While You Were Sleeping (1995)
★★★ / ★★★★

“While You Were Sleeping” was one of those romantic comedies in the 1990s with big stars, really cheesy soundtracks and even cheesier storylines. Sandra Bullock plays Lucy, a person who worked on a subway station as a token collector and fell in love with a stranger (Peter Gallagher) who she saw every day but he never paid her much attention. But when the stranger had an accident at the subway station, Lucy jumped in front of a moving train to save his life. The stranger fell into a coma and due to certain circumstances, the stranger’s family thought Lucy was the stranger’s fiancée. To top it all off, Lucy started to fall in love with the stranger’s brother (Bill Pullman) who was curious about Lucy’s true identity. Despite the movie being predictable and formulaic, I enjoyed it because of Bullock. Her charm rescued this picture; she was so good at being vulnerable and her charm mixed with perfect comedic timing and geekiness was refreshing.

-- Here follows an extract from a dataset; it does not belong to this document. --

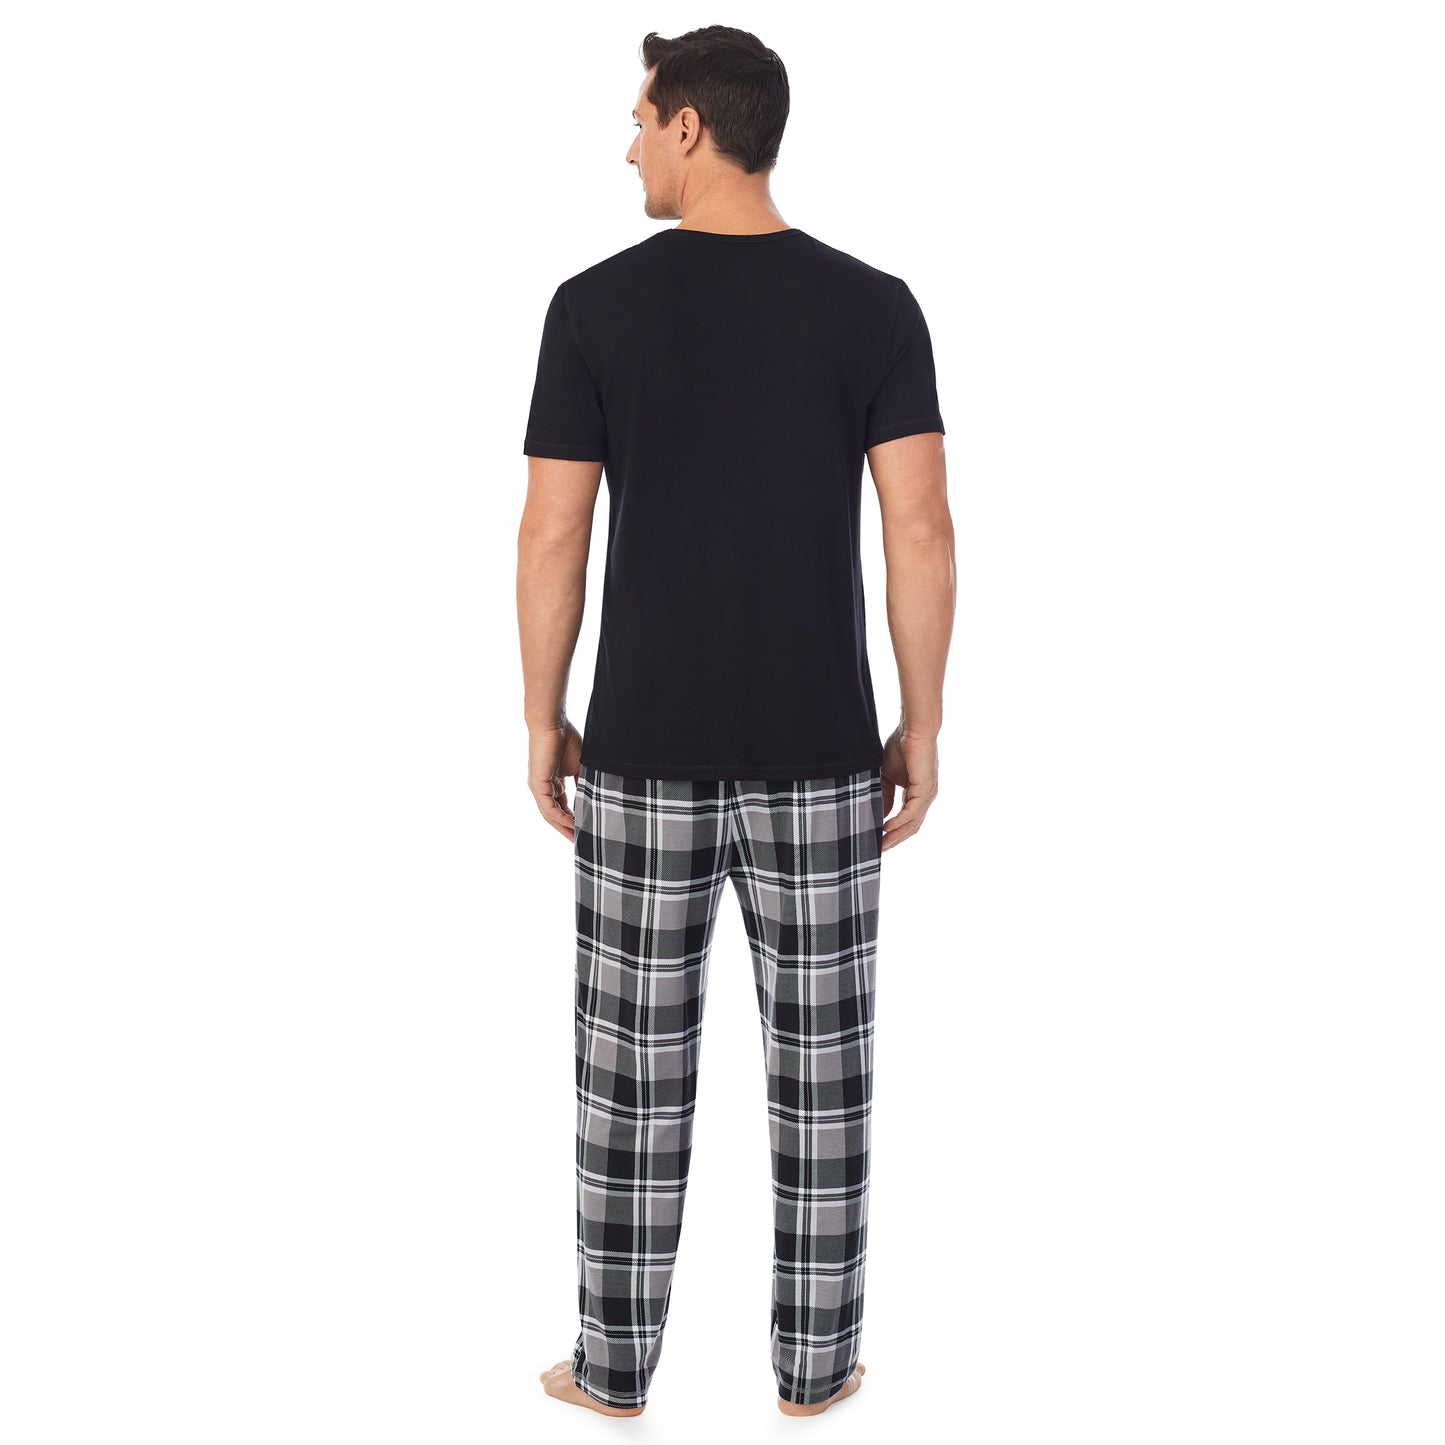 Dark Grey Palms;Model is wearing size M. He is 6'2", Waist 32", Inseam 32".@ A lady wearingMens Short Sleeve Crew Neck Top and Pant Pajama Set with Dark Grey Palms print

A movie like this, let alone a star as charming as she is, is hard to come by nowadays. Even though Lucy lied to the family, we couldn’t help but root for her because she was a good person but she didn’t have a family or any close friends. Another reason why I liked the movie was Bullock and Pullman’s chemistry. There was something about the way that they looked in each other’s eyes and interacted with each other that made me feel warm and almost giggly. Since the source of the tension between them was obvious, I think I would have rolled my eyes and rejected the romance angle if the two lacked chemistry. Everything about this movie was nice (except for the obnoxious “real” fiancée but I’m glad she didn’t have much screen time) and if one was familiar with movies like “You’ve Got Mail” and “Sleepless in Seattle,” one would know exactly what to expect from this movie. “While You Were Sleeping,” directed by Jon Turteltaub, managed to get away with relying on the conventions of a romantic comedy because it embraced its genre to the fullest. It wasn’t trying to be edgy or ironic or shocking; it just allowed its actors do what they do best and it worked. These days, romantic comedies almost always consist of teenagers or twentysomethings and those movies often rely on sex or gay jokes. “While You Were Sleeping” is a PG-rated movie that features thirtysomethings who happen to have intelligence and maturity despite the issue of mistaken identities.